Okolice mieszkania Rafaela Marquesa.

- Okropna sprawa – powiedziała Carlo.
- Właśnie widzę... Aż przykro patrzeć. To był tak dobry człowiek,
a został zmasakrowany. Niby był moim rywalem, ale zostaliśmy przyjaciółmi. Biedna Deborah i Rosa – stwierdził Gustavo.
- Proszę zobaczyć co znaleziono przy ofierze. Kolejny list...

Gustavo przeczytał list który znajdował się zaraz przy martwym Rafaelu...

- Tak skończył superbohater, który ratował wszystkim życie. Swojego nie zdołał. Został zabity z wielu powodów. Także ze wściekłości po tym jak rozprawiłeś się z moimi ludźmi Valdez. Pokonałeś tych idiotów, ale mnie nigdy ci się nie uda pokonać. Dopisz kolejną ofiarę do imponującej już mojej listy. Wróciłem do gry, a to jeszcze nie koniec przedstawienia. Strzeżcie się wszyscy. Ty, twoja kochanka i jej córka oraz Cordillowie. Następny cios już niedługo. Trzymaj się Valdez. Twój śmiertelny wróg Leoncio Pena...

Gustavo aż podarł list z wściekłości. Był rozgoryczony kolejną kpiną jaką zademonstrował w liście Jaguar, ale przede wszystkim tym, że Deborah i jej córka straciły bliską im osobę...

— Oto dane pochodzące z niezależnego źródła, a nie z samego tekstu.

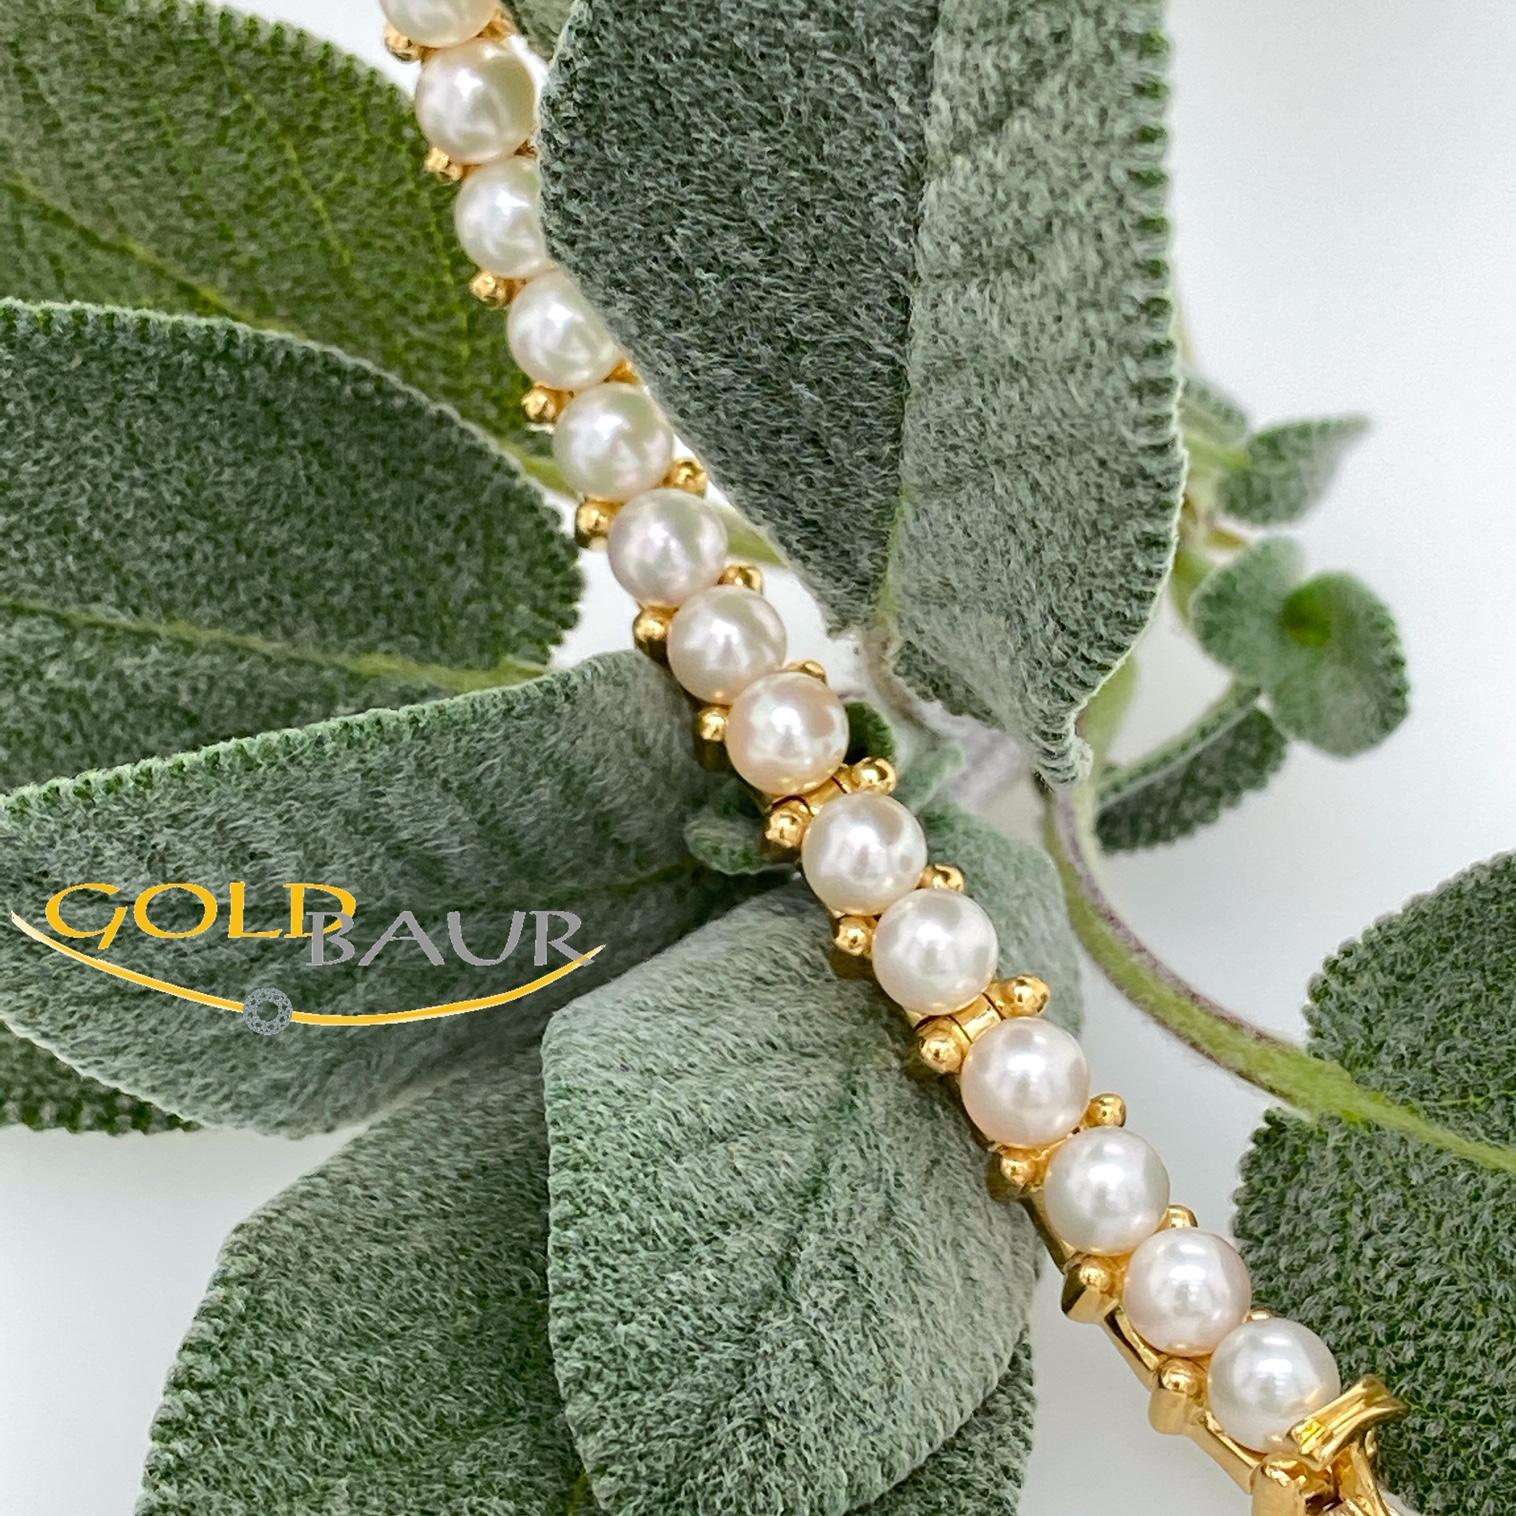 Armband, Perl-Armband,Perle, beweglich, 750/Gelbgold, Handarbeit

- To znowu on... Zawsze będzie mnie prześladował!
- Zapewniam pana, że to jego ostatnie morderstwo. Już nikogo nie skrzywdzi – powiedział Carlo...
- Muszę powiadomić Deborah. Nie będzie to łatwe, ale nie mam innego wyjścia – oznajmił Gustavo...

Kilka godzin później.

Biuro Lindy i Claudii.

- A gdzie twoja Veronica? – zapytała Claudia.
- Nie wiem – odparł Ricardo.
- To jak ty ją pilnujesz. Powinna pracować...
- Spokojnie kochani. Veronica zwolniła się wcześniej, bo miała jakieś spotkanie poza miastem – powiedziała Linda.
- Co takiego? A ja nic nie wiem.
- Może przyprawia ci rogi? – żartowała Claudia.
- Nie denerwuj chłopaka przyjaciółko.
- Zaraz do niej zadzwonię. Dziwne to wszystko. Nie wspominała mi o żadnym spotkaniu...
- Może nagle ją coś spotkało?
- Sam nie wiem...

Ricardo próbował zadzwonić do dziewczyny, ale jej komórka nie odpowiadała.

- Spróbuję później – pomyślał...

Tymczasem...

Kancelaria Juana.

- Ktoś dzwoni. Odbierzesz? – zapytał Juan.
- Nie dam radę. Niech Lorena odbierze – odparł Antonio.
- Nie chce wam się zrobić dwóch kroków. Już odbieram – powiedziała Lorena.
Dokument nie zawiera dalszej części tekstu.